For example, the supporting structures around the engines are exposed to the
same level of exhaust as a shut-down engine would be, and they are completely
uncooled.

------
vsearch
Here's the latest statement from SpaceX:

SpaceX CRS-1 Mission Update: October 8, 2012
[http://www.spaceref.com/news/viewpr.html?&pid=38825](http://www.spaceref.com/news/viewpr.html?&pid=38825)
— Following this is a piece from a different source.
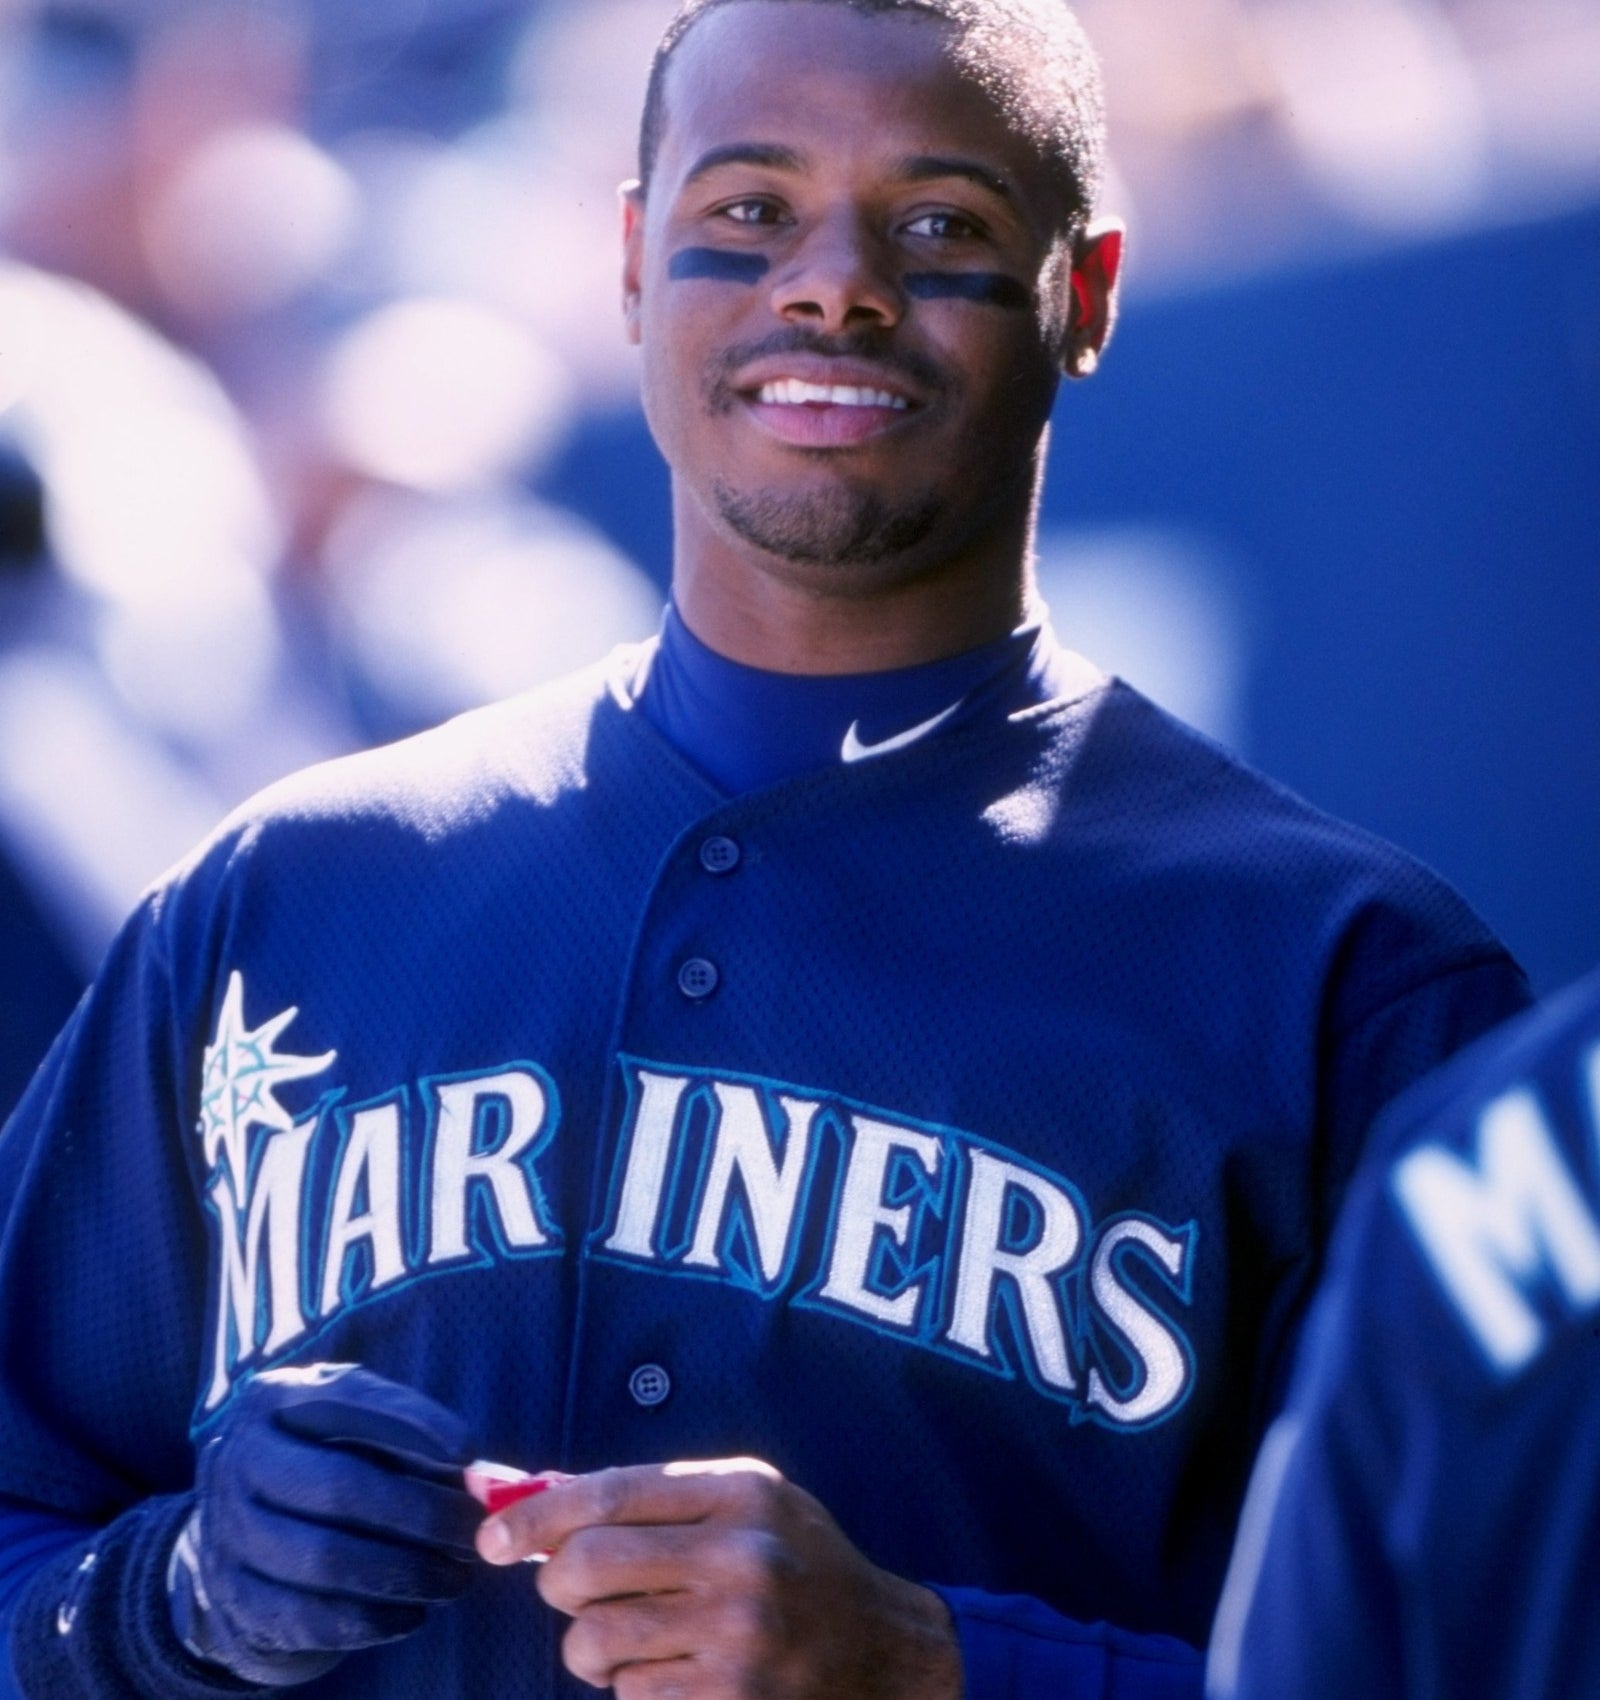 My Childhood Crush Ken Griffey Jr Is A Dad And Now I Have A Crush On His Son

"Approximately one minute and 19 seconds into last night's launch, the Falcon
9 rocket detected an anomaly on one first stage engine. Initial data suggests
that one of the rocket's nine Merlin engines, Engine 1, lost pressure suddenly
and an engine shutdown command was issued immediately. We know the engine did
not explode, because we continued to receive data from it. Our review
indicates that the fairing that protects the engine from aerodynamic loads
ruptured due to the engine pressure release, and that none of Falcon 9's other
eight engines were impacted by this event."

No explosion according to them.

------
ceejayoz
More info and a video from The Bad Astronomer (Phil Plait):
[http://blogs.discovermagazine.com/badastronomy/2012/10/08/sp...](http://blogs.discovermagazine.com/badastronomy/2012/10/08/spacex-
falcon-9-lost-an-engine-on-the-way-up-dragon-on-its-way-to-iss/)

------
Roritharr
"There was no effect on Dragon or the Space Station resupply mission." - Elon
Musk

Just for those who didn't closely follow the events.

------
vsearch
I think we'll see an expanded statement later today when they've had time to
analyze the data more thoroughly.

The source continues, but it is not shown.